DATA PROVIDED
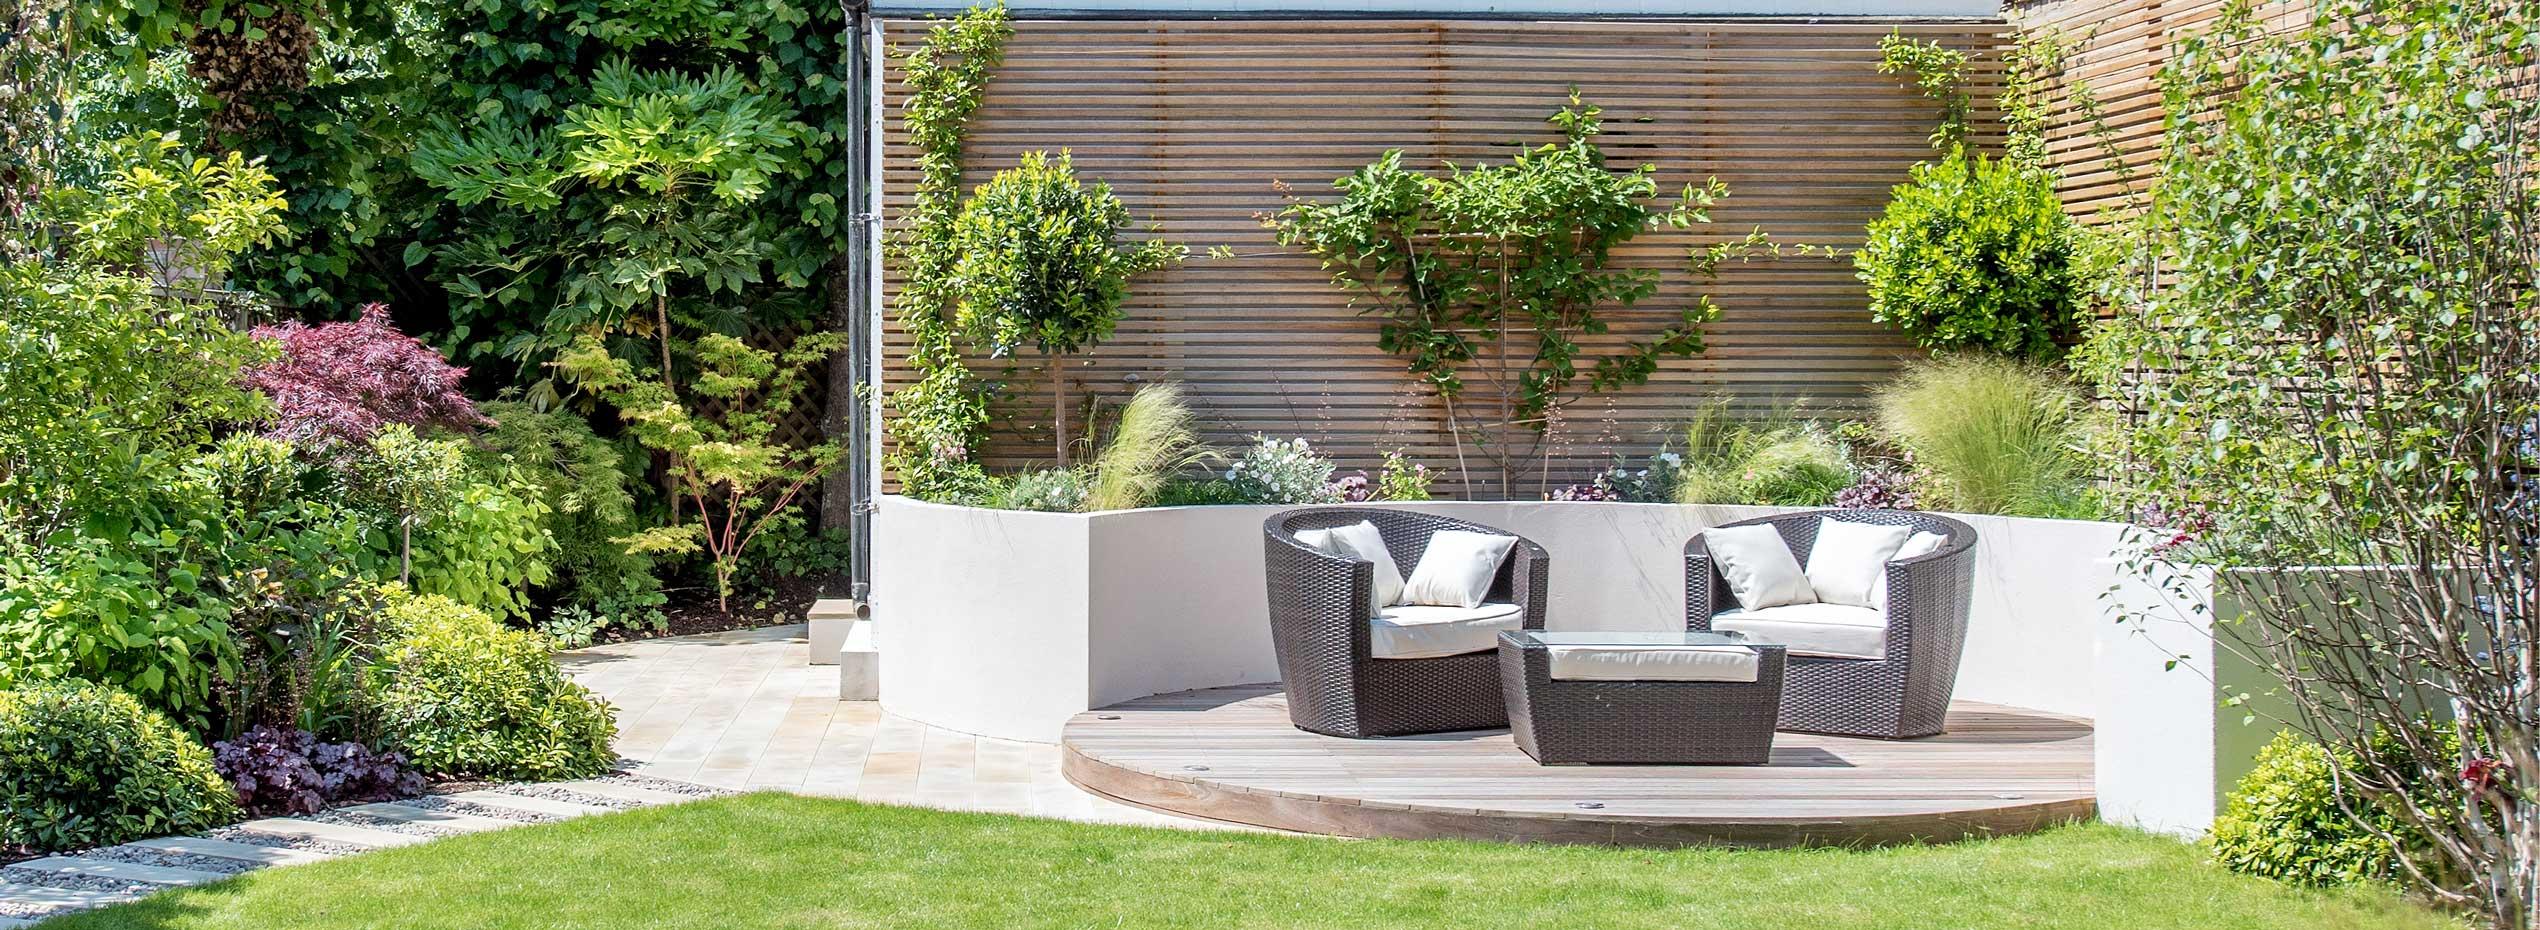 Garden Design Uk kate eyre landscape & garden design london
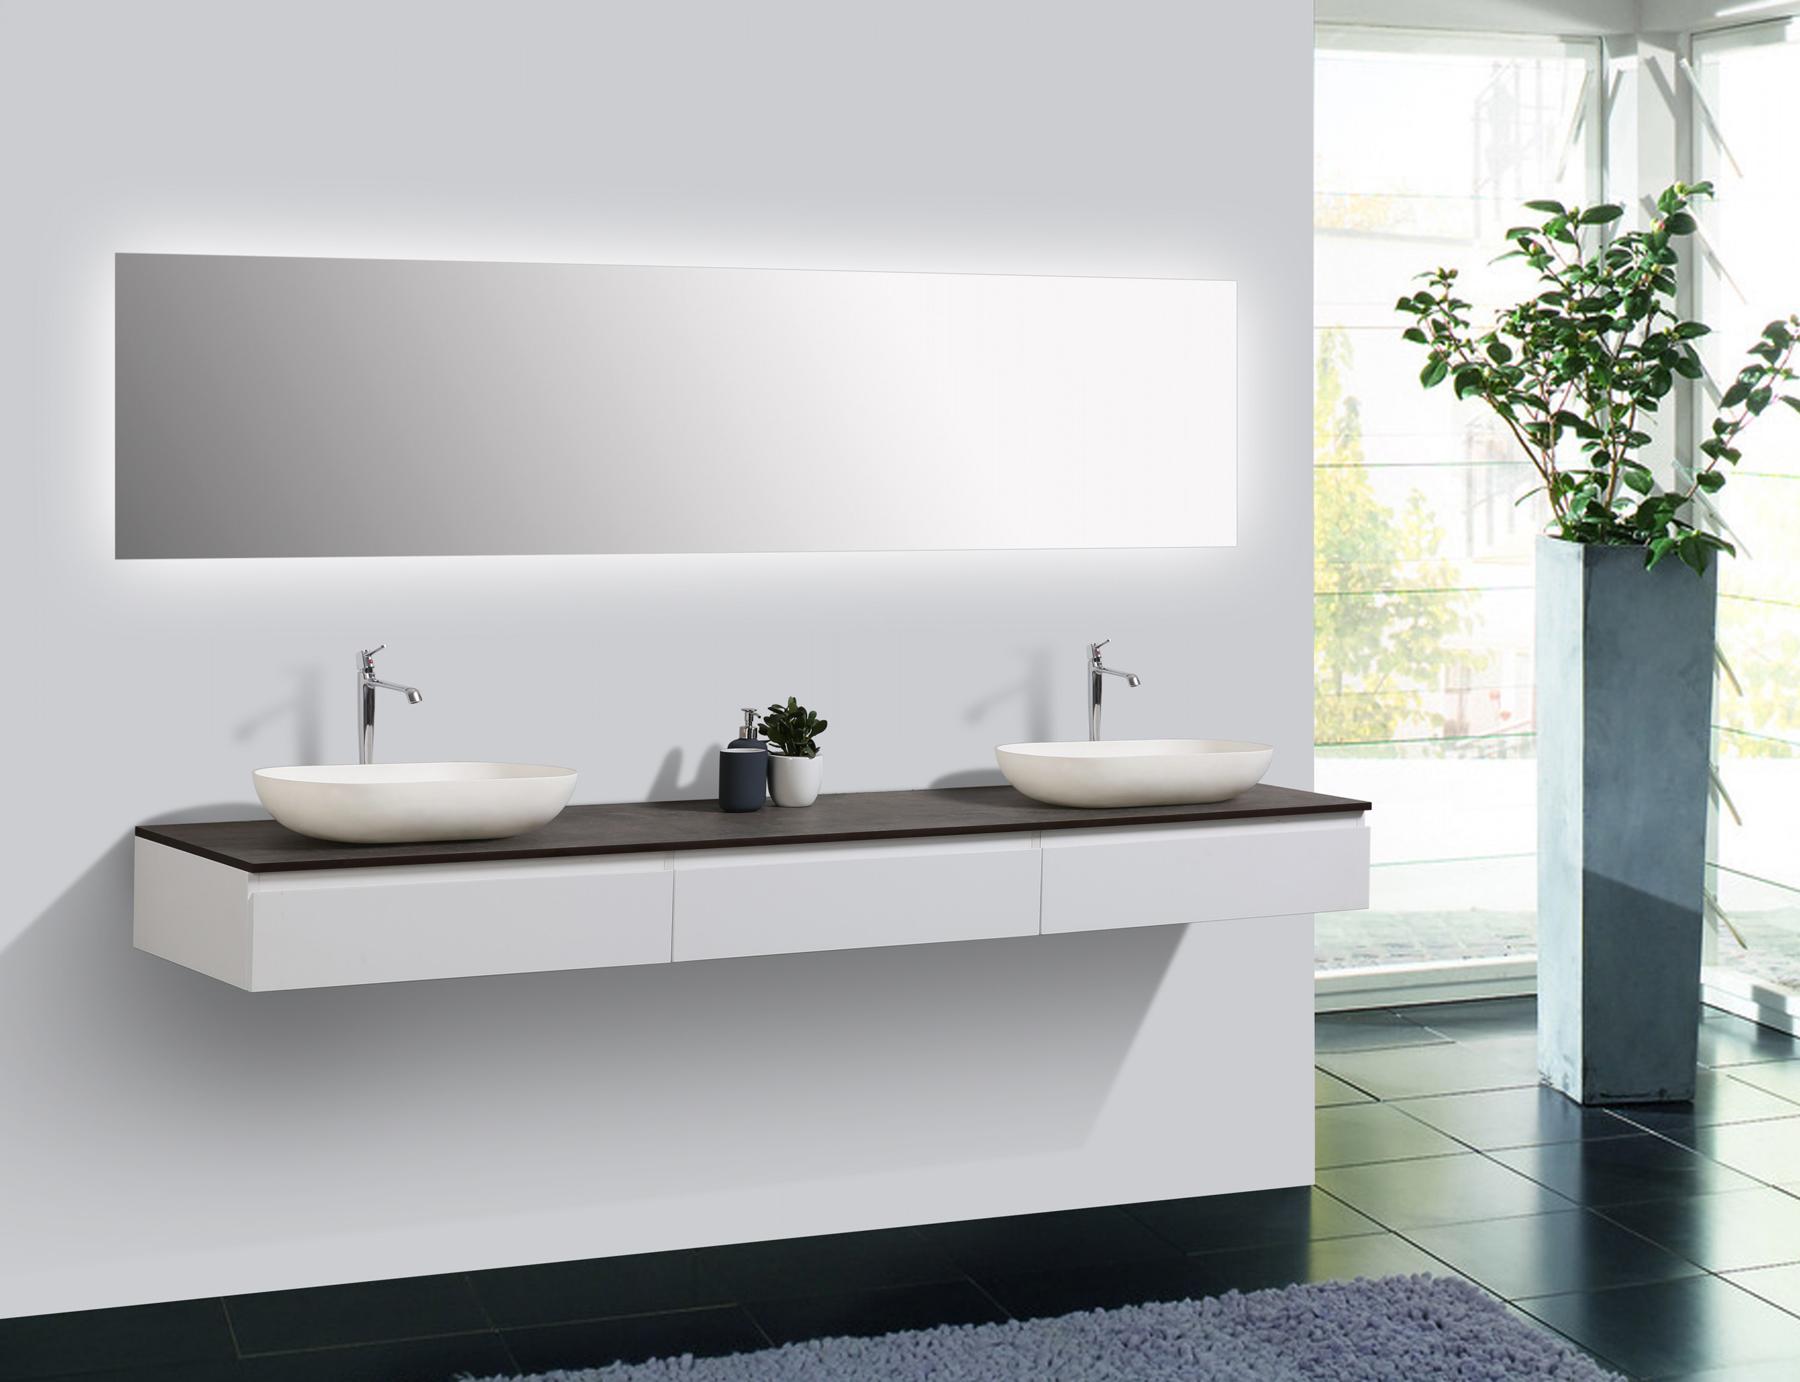 Mobili da bagno vision bianco opaco bacino opzionale ebay
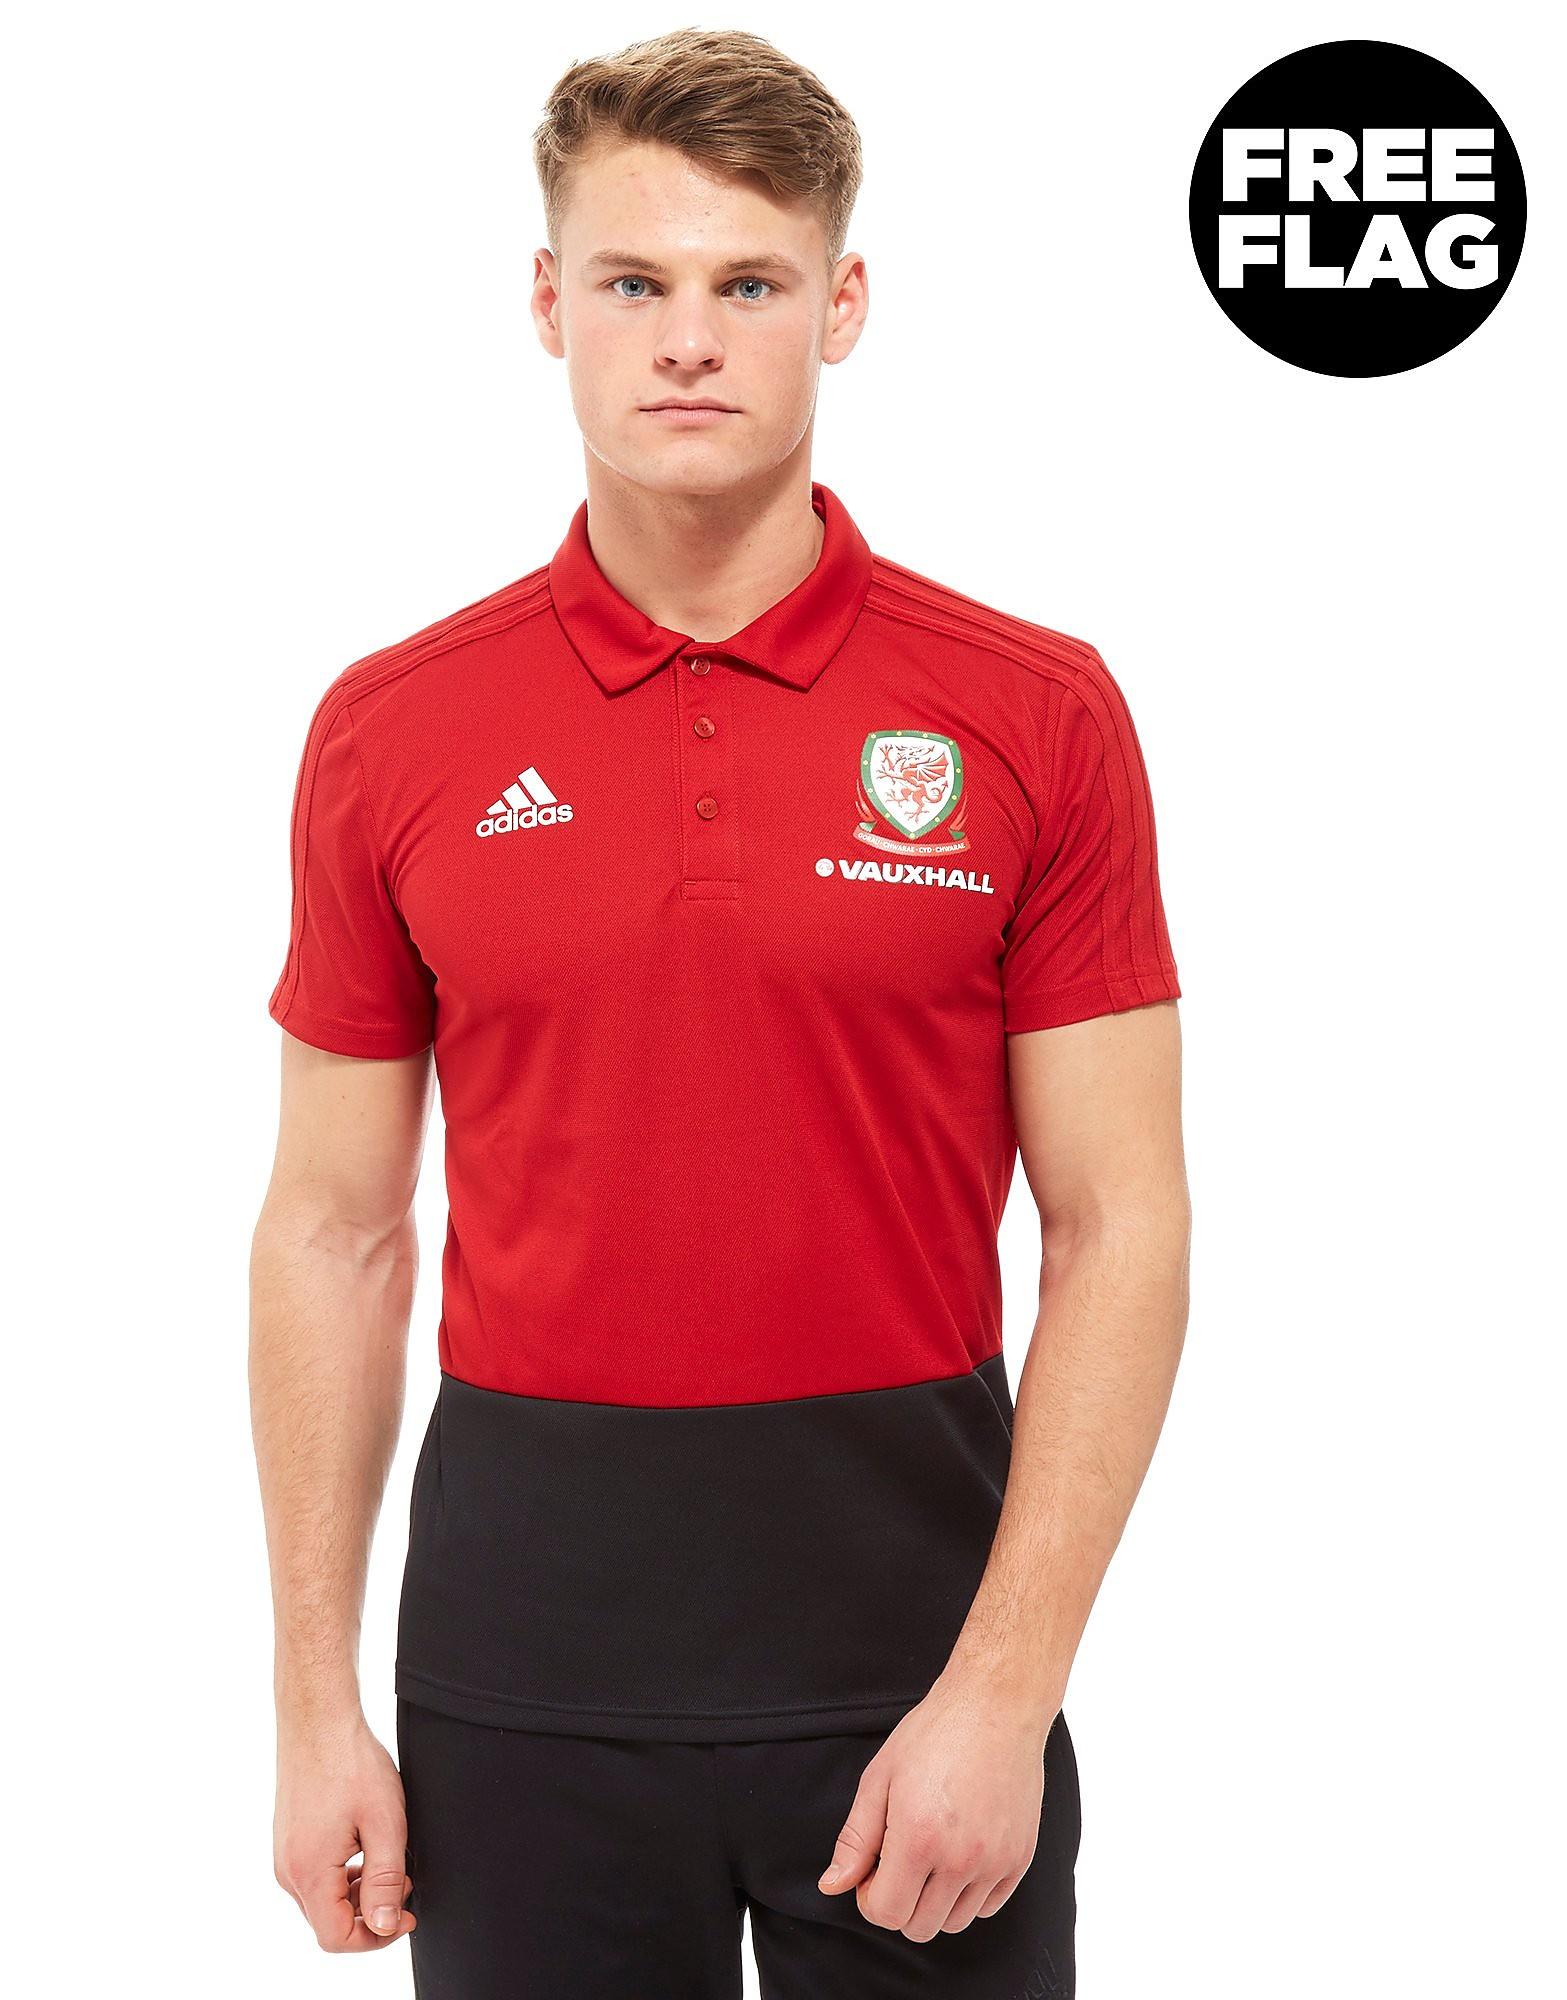 adidas FA Wales 2018 Polo Shirt Heren - Rood - Heren

WHAT YOU ARE ASKED TO DO
Return each line from the material above exactly, but not the pictures.

EXERCISE ANSWER
 Garden Design Uk kate eyre landscape & garden design london
 Mobili da bagno vision bianco opaco bacino opzionale ebay
 adidas FA Wales 2018 Polo Shirt Heren - Rood - Heren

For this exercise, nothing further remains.